Lastly, as a manager, one must learn to let go. For if one clings to everything, progress becomes impossible. Tasks that others can do should be delegated to them, while founders and managers focus on more critical matters and tasks that others cannot perform.
Akio Nitori reflects that he initially placed too much emphasis on “having to do everything himself.” However, he gradually realized that “the company cannot grow this way,” so he began delegating tasks that he had originally taken on to subordinates, focusing only on tasks that he himself had to do. He then devoted all his spare time to deep contemplation. Deciding “what not to do” and “what to do” are both crucially important.
Our lessons from Nitori
The home furnishing industry inherently possesses complexity, with myriad segmented consumer demands and complex SKUs, making it prone to uneconomical scale. In China, there are few large companies in this industry, which indirectly underscores its difficulty. Therefore, in determining “victory belongs to those who know when to fight and when not to fight, and those who understand the use of many and few,” choosing the right battlefield and positioning are particularly crucial.

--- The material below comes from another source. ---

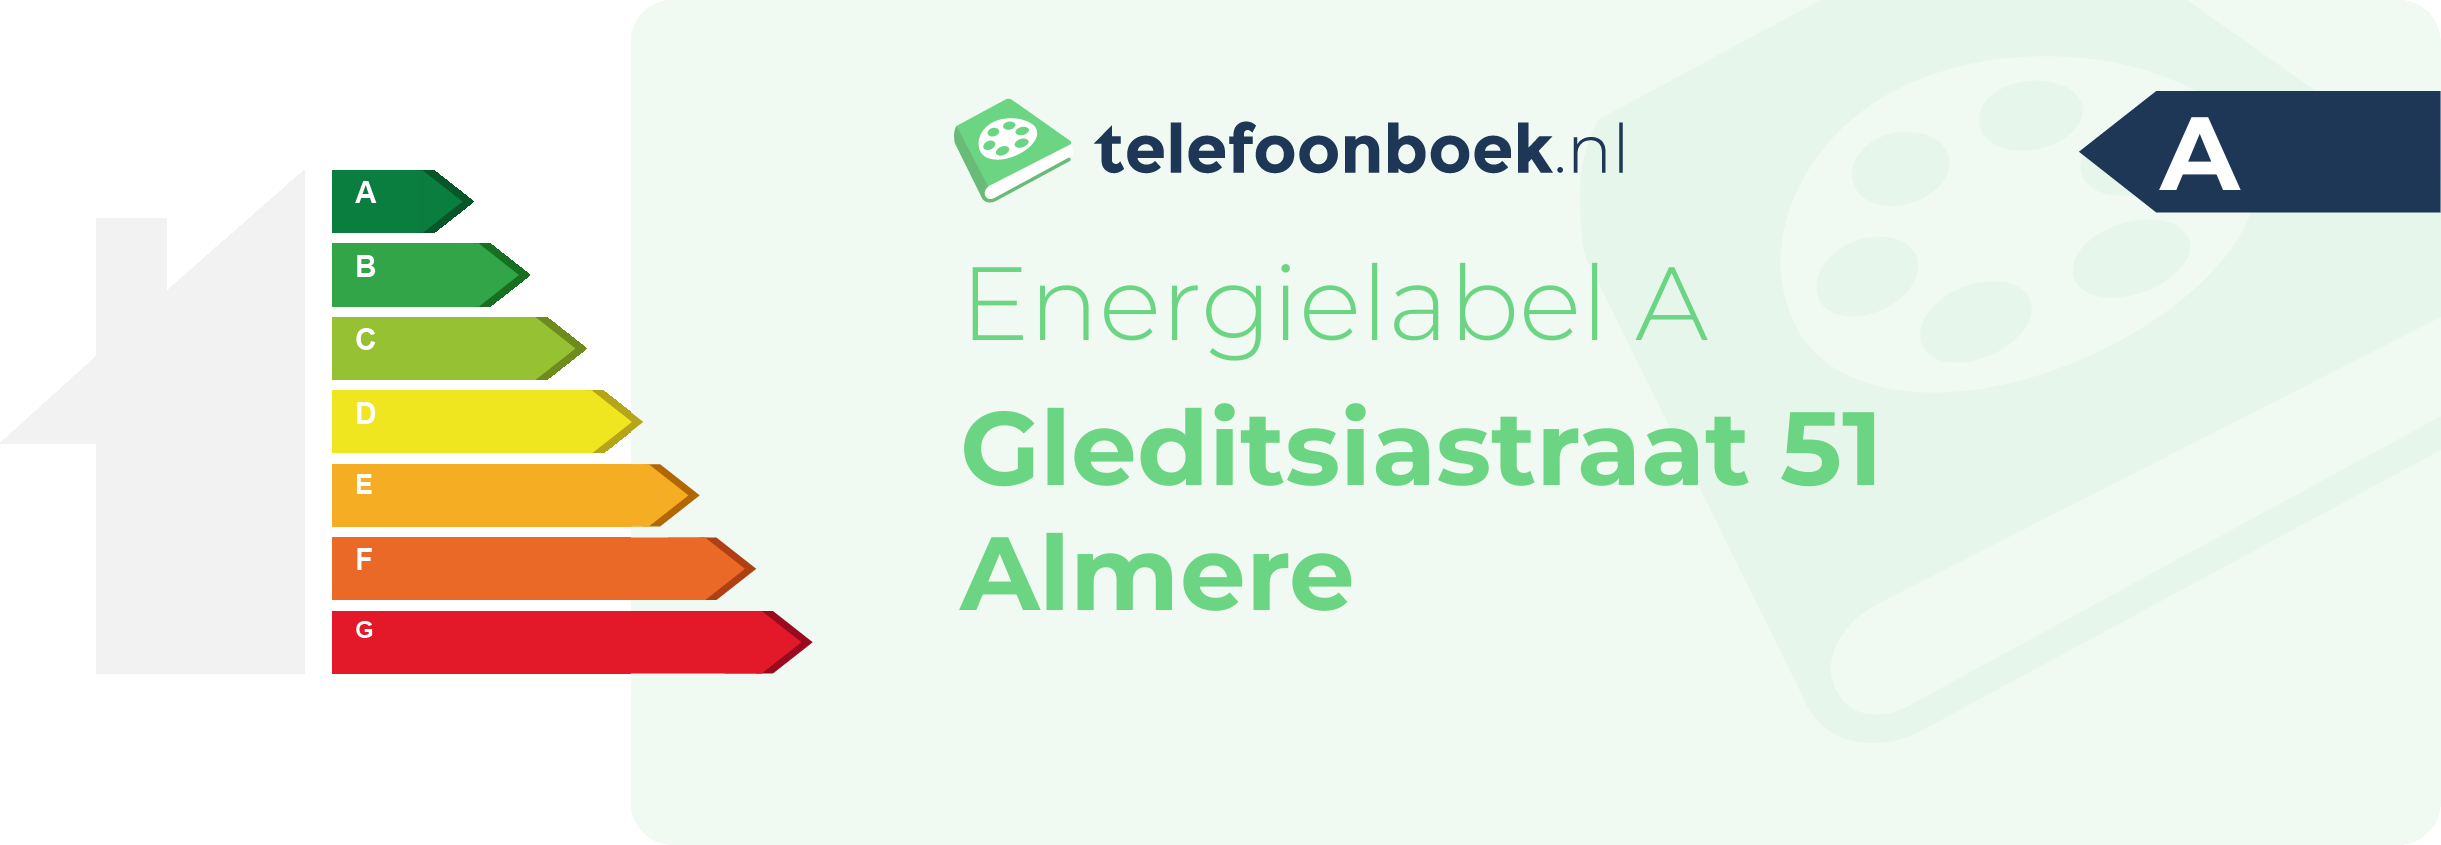 Energielabel Gleditsiastraat 51 Almere

Cost leadership is a classic form of differentiation competition, but this strategy also entails high demands on business models and organizational “efficiency.” Nitori provides a solution to achieve ultimate efficiency: in its business model, it controls key raw materials and builds its own warehousing logistics; in terms of organization, it establishes clear, goal-oriented culture and implements systematic digital management and weekly accounting mechanisms.
Presently, Chinese consumers exhibit preferences similar to those in Japan in the last century when selecting furniture: high cost-effectiveness, emphasis on natural-made and health, the demand for both individual and holistic design coordination, and the need for functional segmentation. These are also the product principles that our partner Yeswood pays great attention to when designing products.
Nitori also serves as an important case study for exploration in business for both GenBridge Capital and its founders, encompassing strategic positioning, control of raw materials and supply chains, digital management, and organizational upgrades. We share the experiences of this benchmark company, Nitori, with more practitioners in the home furnishing industry, hoping that China will soon produce more globally influential leaders in the home furnishing sector.